Work item: Find the line containing "Colorescience Sunforgettable Mineral" in the material below, then please transcribe it and each line after it exactly, without the pictures.

Data:
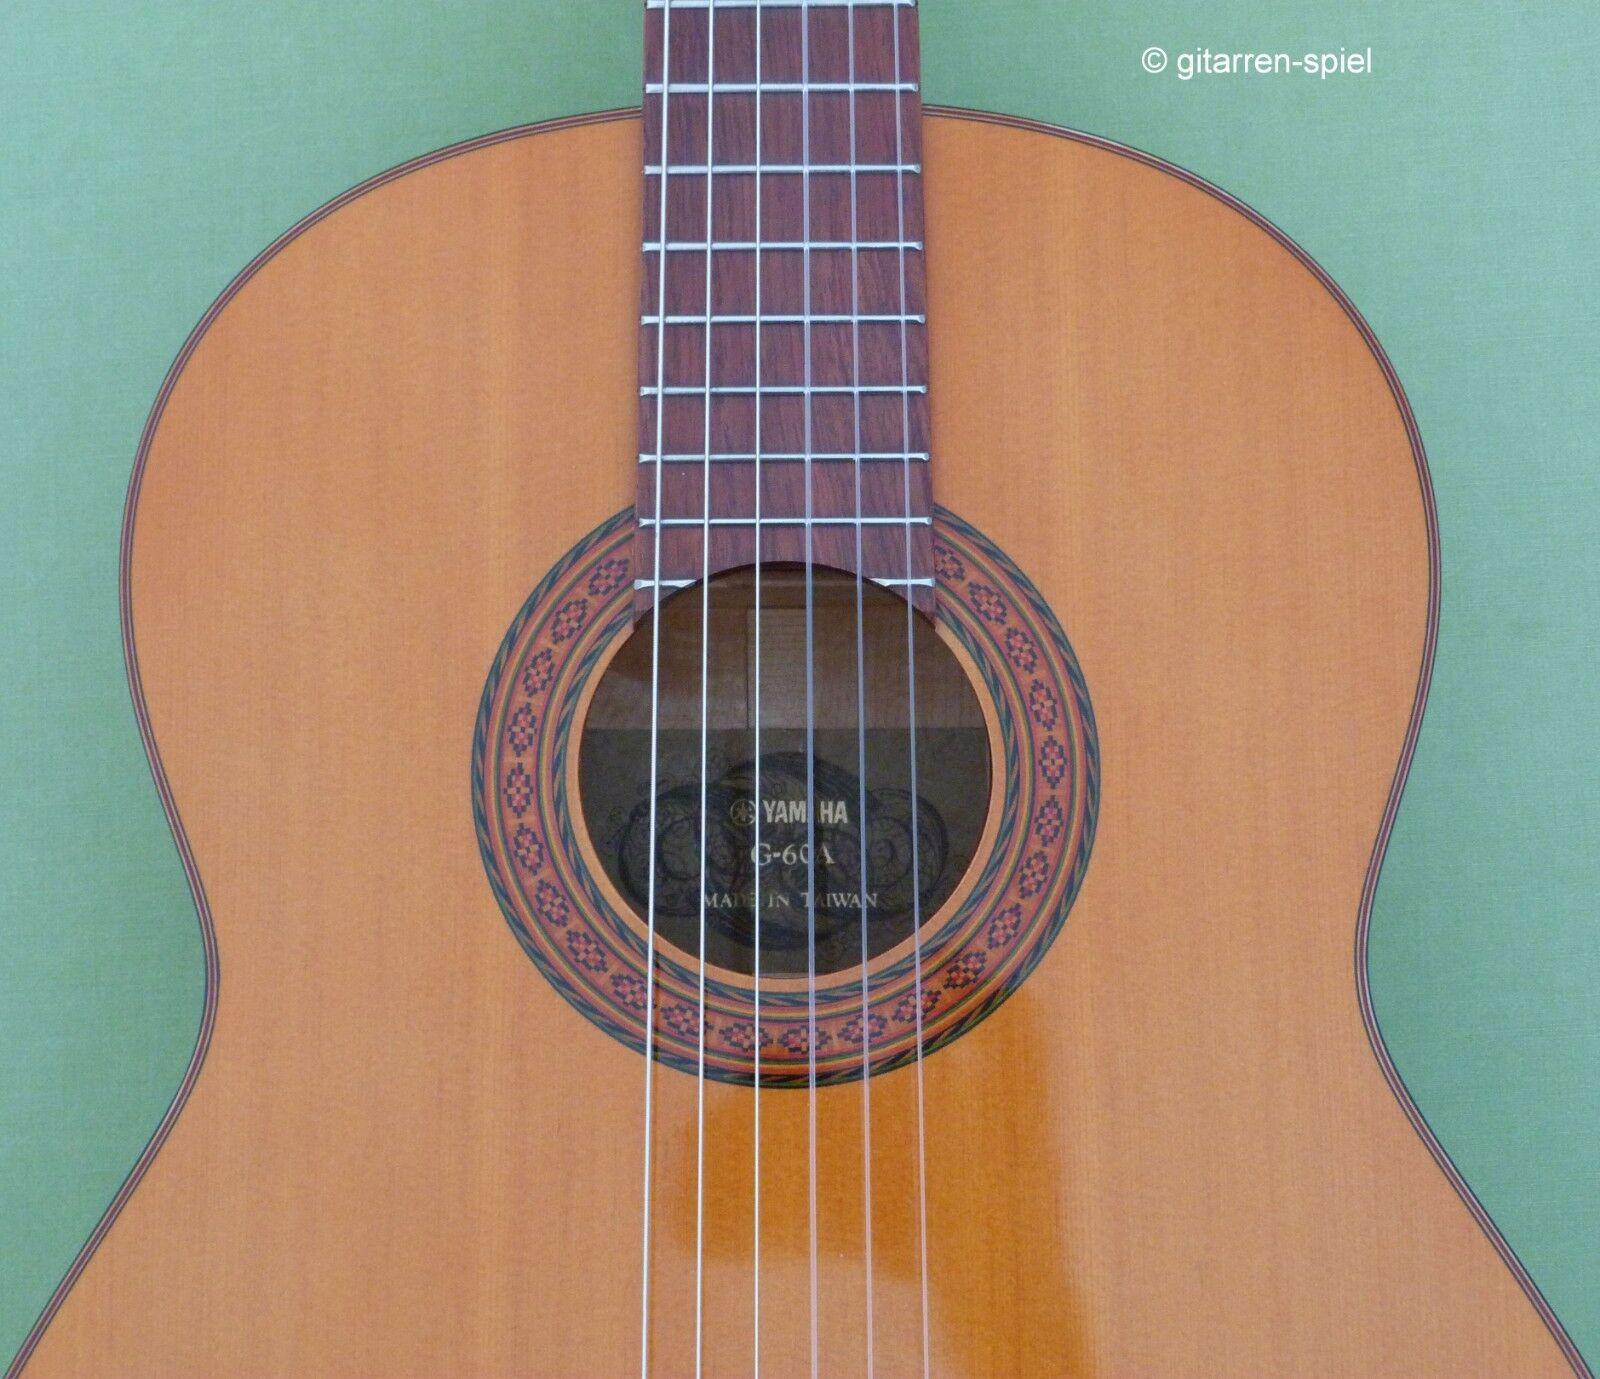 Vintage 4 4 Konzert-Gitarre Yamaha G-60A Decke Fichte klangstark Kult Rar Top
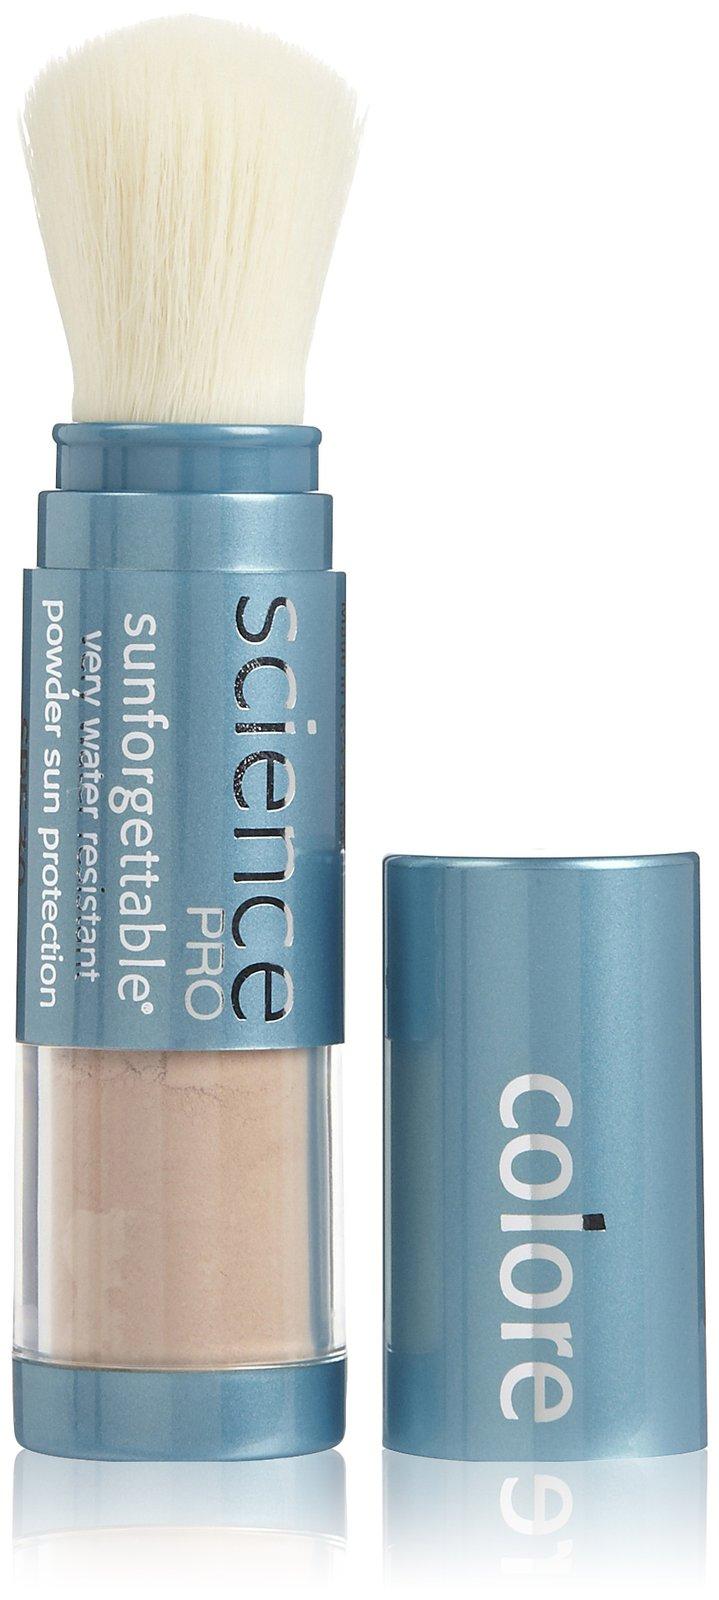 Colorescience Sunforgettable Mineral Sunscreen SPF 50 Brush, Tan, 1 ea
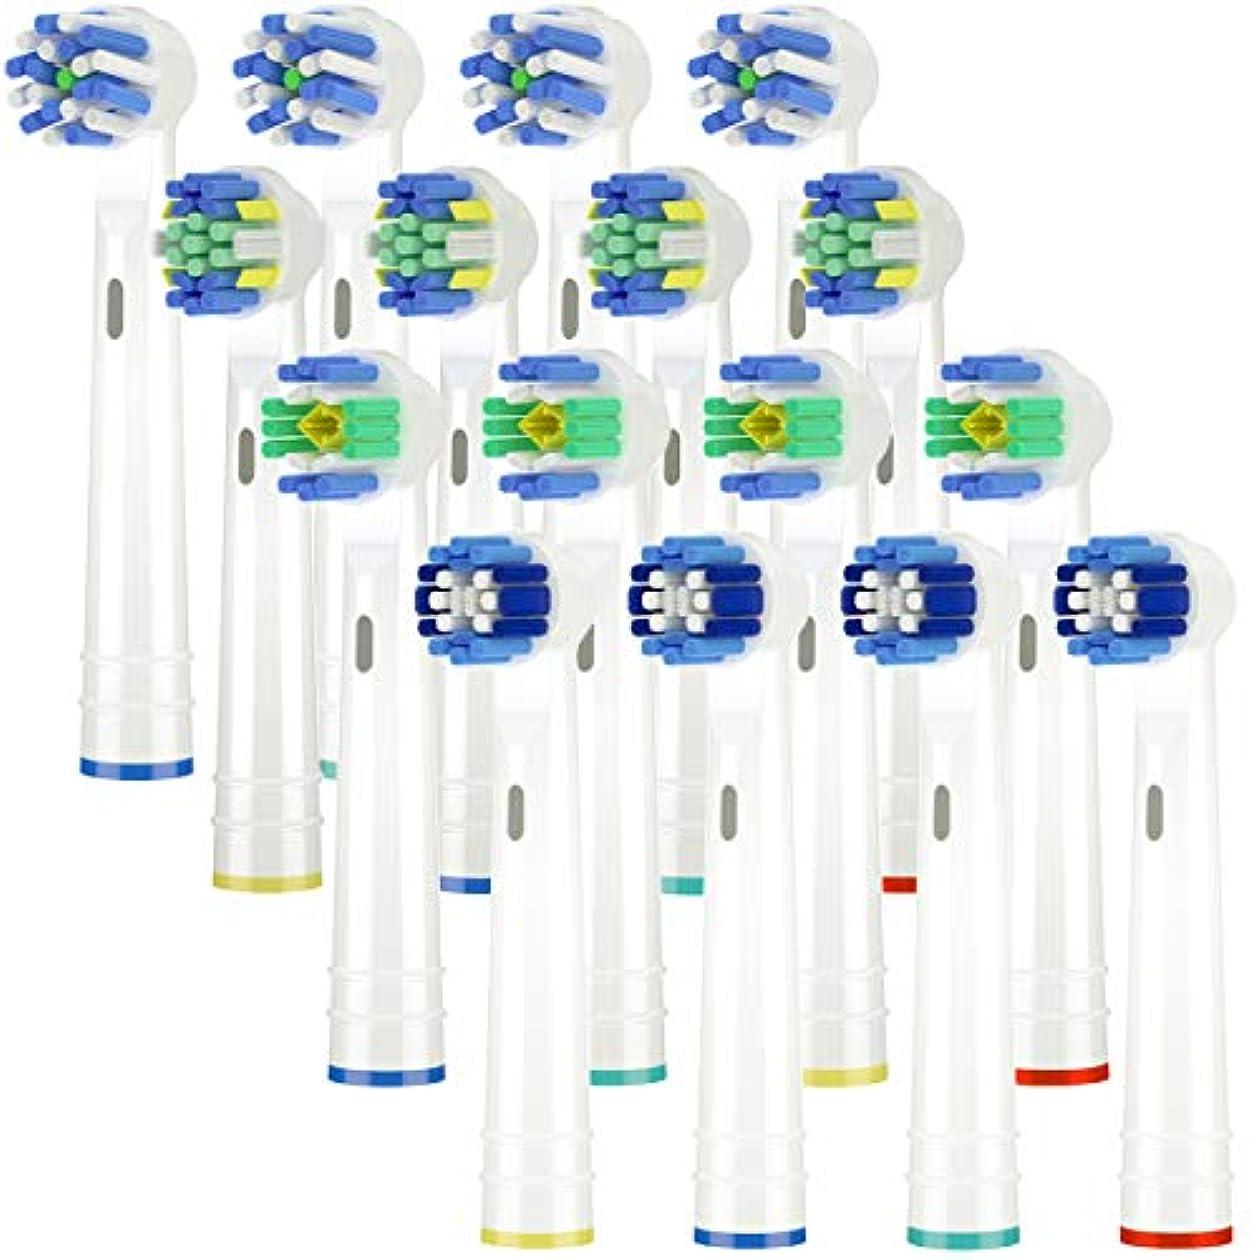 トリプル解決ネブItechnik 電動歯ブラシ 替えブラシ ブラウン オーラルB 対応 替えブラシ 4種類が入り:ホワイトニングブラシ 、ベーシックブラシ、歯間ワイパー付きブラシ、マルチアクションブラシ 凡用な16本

Task solution:
 Colorescience Sunforgettable Mineral Sunscreen SPF 50 Brush, Tan, 1 ea
 トリプル解決ネブItechnik 電動歯ブラシ 替えブラシ ブラウン オーラルB 対応 替えブラシ 4種類が入り:ホワイトニングブラシ 、ベーシックブラシ、歯間ワイパー付きブラシ、マルチアクションブラシ 凡用な16本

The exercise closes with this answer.